## The task
Return the data below exactly, but only from the line containing "品高云即将亮相openEuler Summit 2021" through the line containing "Tchaikovsky: Souvenir de", with both of those lines included.

-- Provided data follows --

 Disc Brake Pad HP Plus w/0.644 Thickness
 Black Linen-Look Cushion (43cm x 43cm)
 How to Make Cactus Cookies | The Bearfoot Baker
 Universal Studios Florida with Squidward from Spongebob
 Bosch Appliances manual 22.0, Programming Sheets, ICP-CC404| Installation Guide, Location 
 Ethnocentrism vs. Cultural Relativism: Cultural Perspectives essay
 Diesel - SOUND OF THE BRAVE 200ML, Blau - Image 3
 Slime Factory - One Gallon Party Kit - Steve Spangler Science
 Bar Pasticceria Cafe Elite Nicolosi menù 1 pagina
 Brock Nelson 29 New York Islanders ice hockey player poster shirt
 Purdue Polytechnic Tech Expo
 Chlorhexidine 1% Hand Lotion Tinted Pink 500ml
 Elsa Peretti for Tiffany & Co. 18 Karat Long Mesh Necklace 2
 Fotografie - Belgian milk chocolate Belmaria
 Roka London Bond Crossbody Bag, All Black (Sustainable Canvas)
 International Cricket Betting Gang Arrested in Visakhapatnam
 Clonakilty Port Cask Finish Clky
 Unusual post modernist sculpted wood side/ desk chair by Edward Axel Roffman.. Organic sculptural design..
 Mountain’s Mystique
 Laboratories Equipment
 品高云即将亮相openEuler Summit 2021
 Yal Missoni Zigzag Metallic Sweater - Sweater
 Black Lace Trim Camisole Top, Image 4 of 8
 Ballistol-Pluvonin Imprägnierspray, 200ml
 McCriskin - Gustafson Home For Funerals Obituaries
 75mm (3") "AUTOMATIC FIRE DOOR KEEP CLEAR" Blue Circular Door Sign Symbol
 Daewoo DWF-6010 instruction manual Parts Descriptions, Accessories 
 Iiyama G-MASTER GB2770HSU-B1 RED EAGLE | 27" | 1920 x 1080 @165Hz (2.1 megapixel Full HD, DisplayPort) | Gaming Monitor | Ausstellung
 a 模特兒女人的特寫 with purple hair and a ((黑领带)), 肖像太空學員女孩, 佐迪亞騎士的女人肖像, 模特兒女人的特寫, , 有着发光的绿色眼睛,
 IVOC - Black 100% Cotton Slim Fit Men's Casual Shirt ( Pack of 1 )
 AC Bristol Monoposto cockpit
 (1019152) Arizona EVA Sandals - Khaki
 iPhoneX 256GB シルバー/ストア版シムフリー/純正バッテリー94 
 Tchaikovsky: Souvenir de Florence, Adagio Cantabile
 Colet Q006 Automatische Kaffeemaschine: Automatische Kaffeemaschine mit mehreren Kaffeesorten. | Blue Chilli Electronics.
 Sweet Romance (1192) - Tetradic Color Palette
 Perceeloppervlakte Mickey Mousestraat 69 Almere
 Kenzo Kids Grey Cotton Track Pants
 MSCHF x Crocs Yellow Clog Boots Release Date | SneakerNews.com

-- Provided data concluded --

## Solution to this problem
 品高云即将亮相openEuler Summit 2021
 Yal Missoni Zigzag Metallic Sweater - Sweater
 Black Lace Trim Camisole Top, Image 4 of 8
 Ballistol-Pluvonin Imprägnierspray, 200ml
 McCriskin - Gustafson Home For Funerals Obituaries
 75mm (3") "AUTOMATIC FIRE DOOR KEEP CLEAR" Blue Circular Door Sign Symbol
 Daewoo DWF-6010 instruction manual Parts Descriptions, Accessories 
 Iiyama G-MASTER GB2770HSU-B1 RED EAGLE | 27" | 1920 x 1080 @165Hz (2.1 megapixel Full HD, DisplayPort) | Gaming Monitor | Ausstellung
 a 模特兒女人的特寫 with purple hair and a ((黑领带)), 肖像太空學員女孩, 佐迪亞騎士的女人肖像, 模特兒女人的特寫, , 有着发光的绿色眼睛,
 IVOC - Black 100% Cotton Slim Fit Men's Casual Shirt ( Pack of 1 )
 AC Bristol Monoposto cockpit
 (1019152) Arizona EVA Sandals - Khaki
 iPhoneX 256GB シルバー/ストア版シムフリー/純正バッテリー94 
 Tchaikovsky: Souvenir de Florence, Adagio Cantabile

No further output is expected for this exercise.